Above: The data logger shield (left) snaps onto an Arduino Nano (right).
[Update: This data logger is now available as a DIY kit which requires no soldering: http://kaptery.com/product/nano-logger-kit]
Digital logging of environmental data requires a device that can gather data from sensors and store it. Arduino microcontrollers are well suited for this task when a few components are added:
- Basic Arduinos cannot store much data, so a microSD card is usually added.
- Basic Arduinos do not have clocks which keep very good time and they do not remember the time when powered down. So a real time clock (RTC) should be added.
- Arduinos do not have environmental sensors, so these must be added.
- Arduinos need a source of power.
Above: The logging shield includes a slot for a microSD card.
Enterprising technologists have built custom printed circuit boards (Riffle, Mayfly logger) that combine an Arduino compatible chip with an RTC and a slot for a microSD card. These elegant solutions sell for many times the price of a basic Arduino (e.g., $60.00 compared to $6.00).
Above: The logging shield includes an RTC chip, a crystal to keep accurate time, and a backup battery so the clock runs when the Arduino is not powered. It's the same things that are inside a cheap digital watch. A clock is required so an accurate time is associated with each data logging event.

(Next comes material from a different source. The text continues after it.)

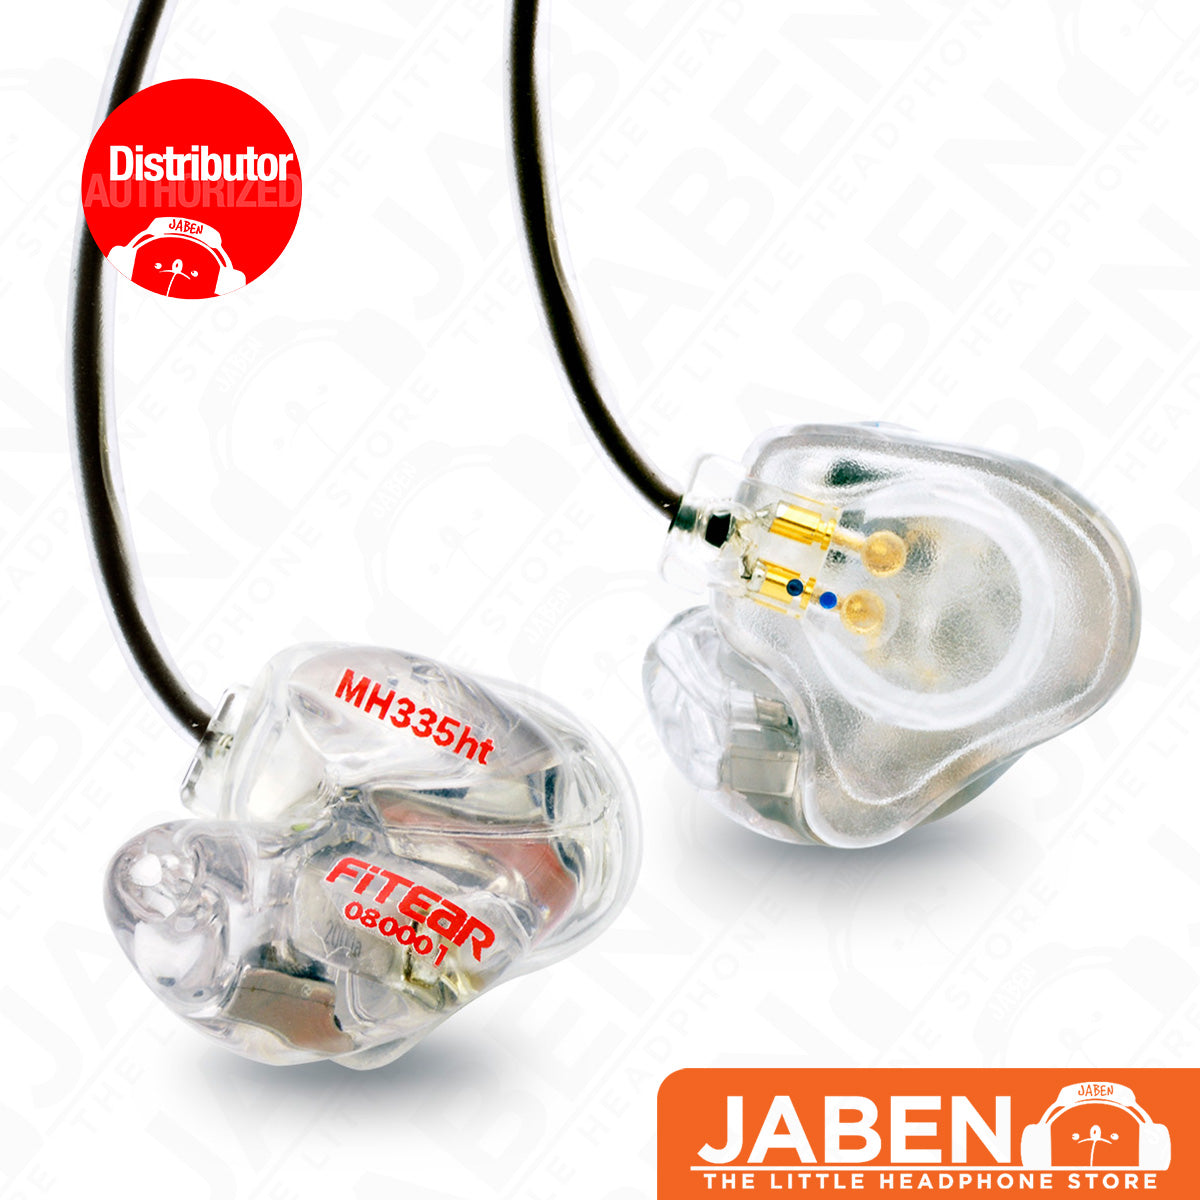 FitEar MH335ht
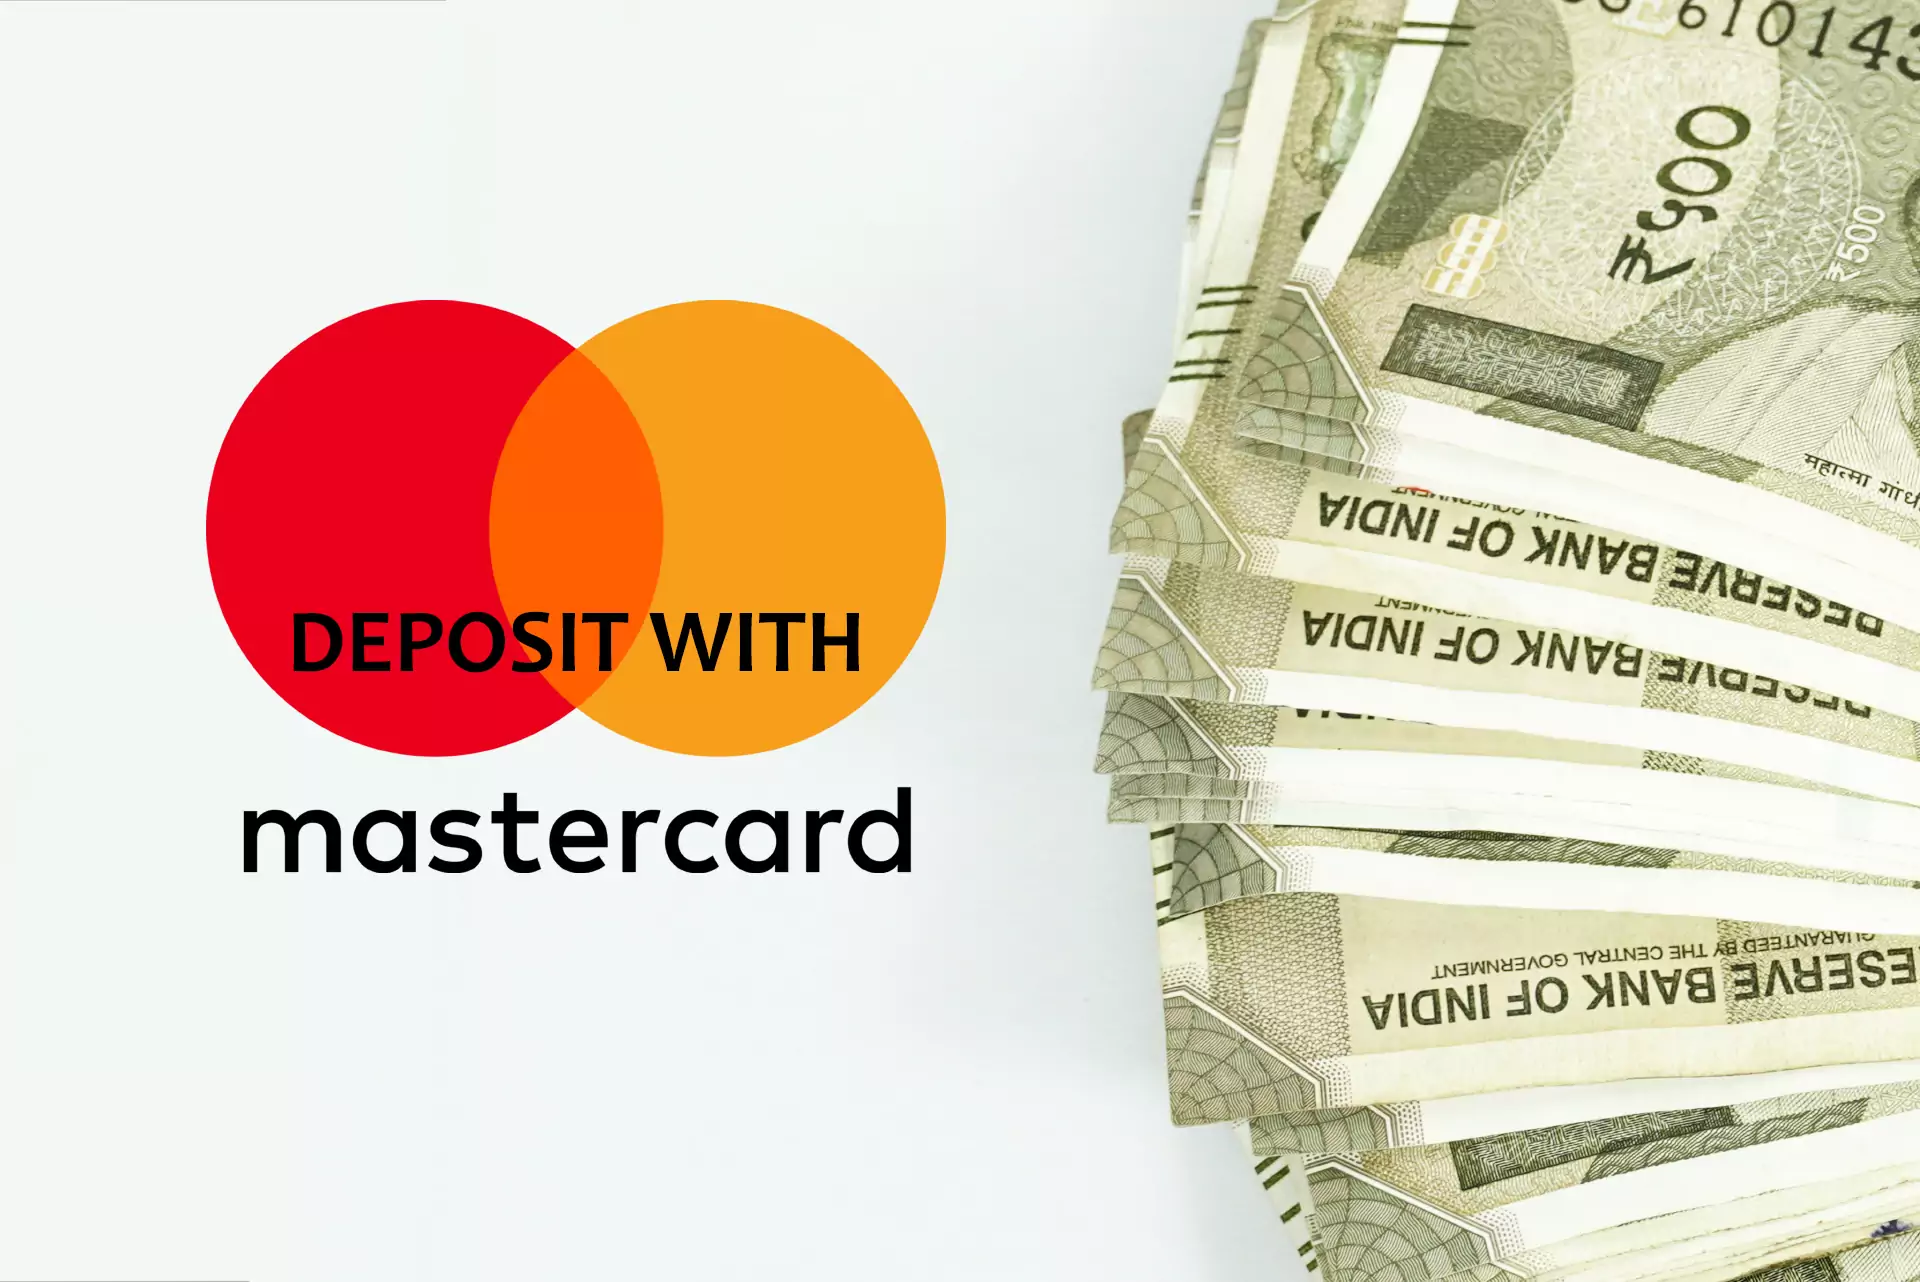 Deposit operations with MasterCard take less than a minute.

An inexpensive route to building a data logger is to buy individual components and solder them together. The Cave Pearl Logger is capable of logging in the field for more than year and is made from less than $10.00 worth of electronic components. It takes a few hours of careful soldering to make your own.
Above: The logging shield (top) has both male and female headers, so when the Arduino Nano (bottom) is plugged in all of the male pins are still exposed.
In search of an easier and less expensive route to using an Arduino to log data, I bought a few logging shields on eBay for $4.00 apiece. This gadget incorporates a microSD card slot and a RTC and allows an Arduino Nano to be attached without soldering. It also allows sensors and power to be connected without soldering.
Above: To connect sensors or other devices, Dupont wires can be slid onto the pins on the logging shield.
It was easy to make logging software run on this device because I had already figured out how to log data with an Arduino Nano and the individual components included with the logging shield. I had started with a simple version of Ed Mallon's sketch for his breadboarded Arduino Uno logger.
There was one very important difference between the breadboarded version and the Nano logging shield. The shield includes a different RTC than the one commonly sold as a breakout board or built in to data loggers (the DS3231 RTC). The logging shield uses a DS1307 RTC which is missing a key feature -- it does not have alarms. In order for field loggers to collect data for a long time, they must be put to sleep between logging events so the batteries don't run down. To wake up the logger, an alarm is set on the RTC. If the RTC does not do alarms, sleeping can't happen (at least the waking up part can't happen). At least this made the sketch simple because it did not need any of that confusing code about sleeping and waking up.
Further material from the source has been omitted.